I asked my daughter Kate to tell me her favorite season.
She said, “all of them.”
Forgotten by Adults
For busy grownups, that’s hard to fathom. Most of the time, we grouse perfunctorily about “Old Man Winter.” Sometimes, when the snow falls early and often, or when 50-mile-per-hour winds whip the flakes into a whiteout that shuts down highways, we curse him.
We didn’t once. Remember?
Long before we cursed the winter, we reveled in it — as much as we still find ways to revel in spring, summer, and fall. We weren’t so practical then, so worn down by scraping and shoveling or so worried about the roads. We didn’t have anywhere to be that couldn’t wait. Cold and snow weren’t a nuisance. They simply were winter.

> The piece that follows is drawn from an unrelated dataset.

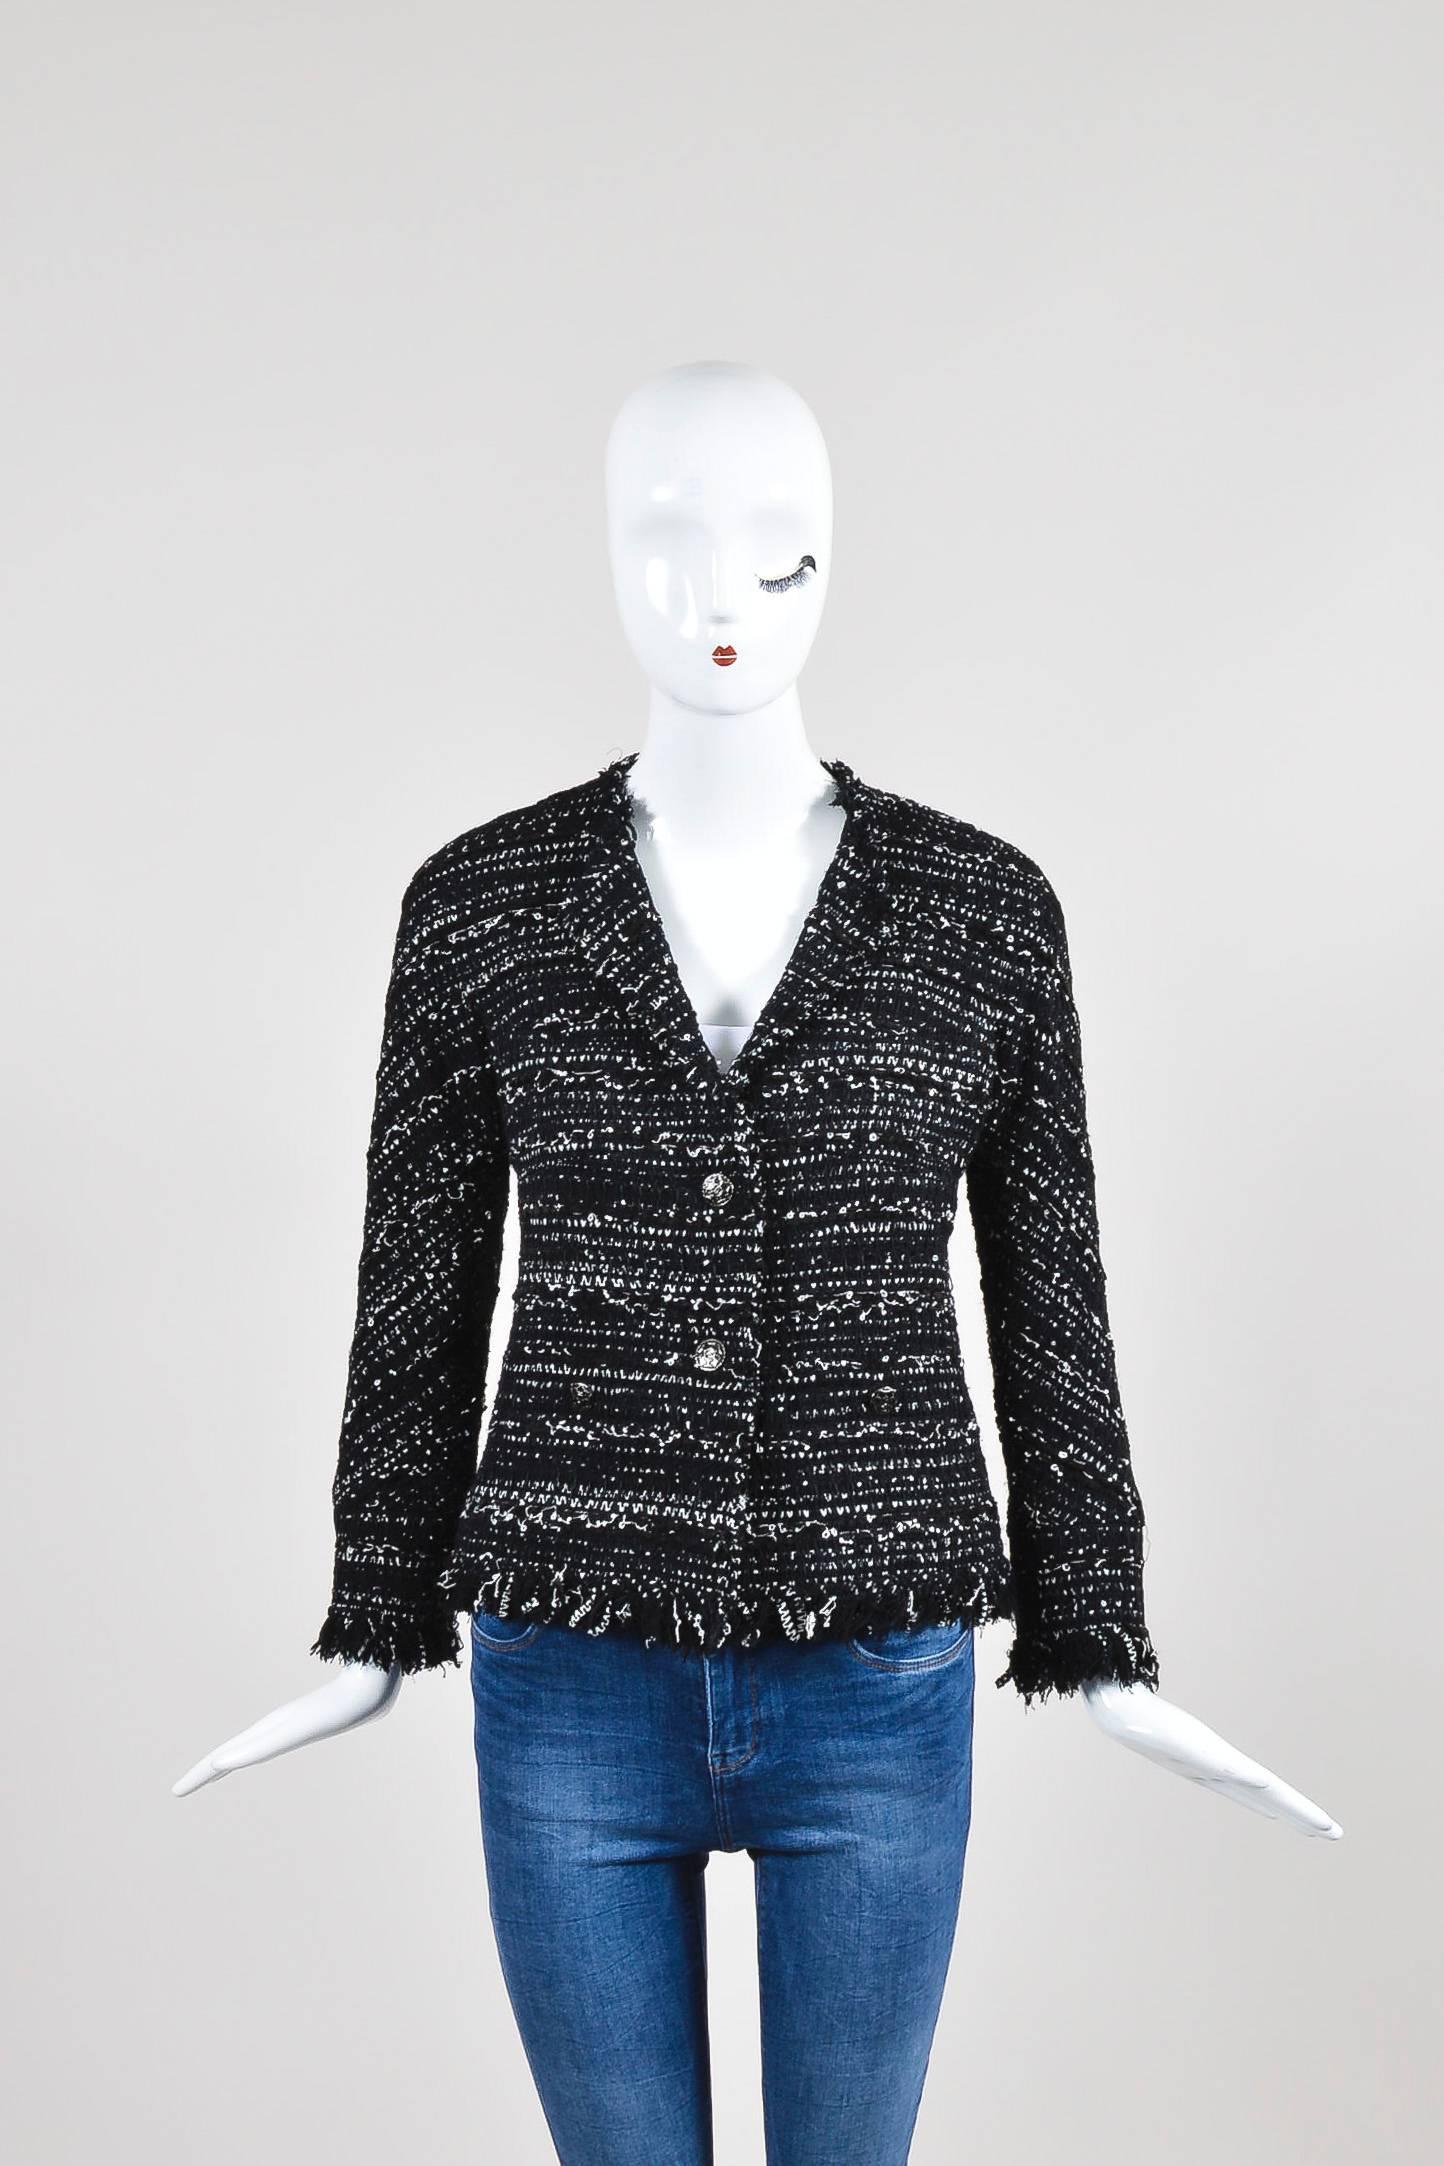 French house Chanel is known for their beautiful classic tweed jackets and this gorgeous piece is no exception. Black and white in color with bracelet length sleeves and two front pockets with Chanel logo embellished lacquered buttons. This item

Now we permit ourselves just one day to revel in the white: Christmas. Five inches of snow fell this year on Christmas Eve. No one complained that night. Quite the opposite. It was the whitest Christmas I can remember, and it was glorious.
Remembered by Poets
While we long for the growth of spring, practically worship the warmth of summer, and celebrate the colors of fall, we’re fairly cold to winter’s joys. Fortunately, some of our greatest books sing winter’s songs in harmony with our kids. The writers of these books have remembered what our children haven’t yet forgot.
As one of the characters in Shakespeare’s Love’s Labour’s Lost says:
At Christmas I no more desire a rose
Than wish a snow in May’s new-fangled mirth;
But like of each thing that in season grows.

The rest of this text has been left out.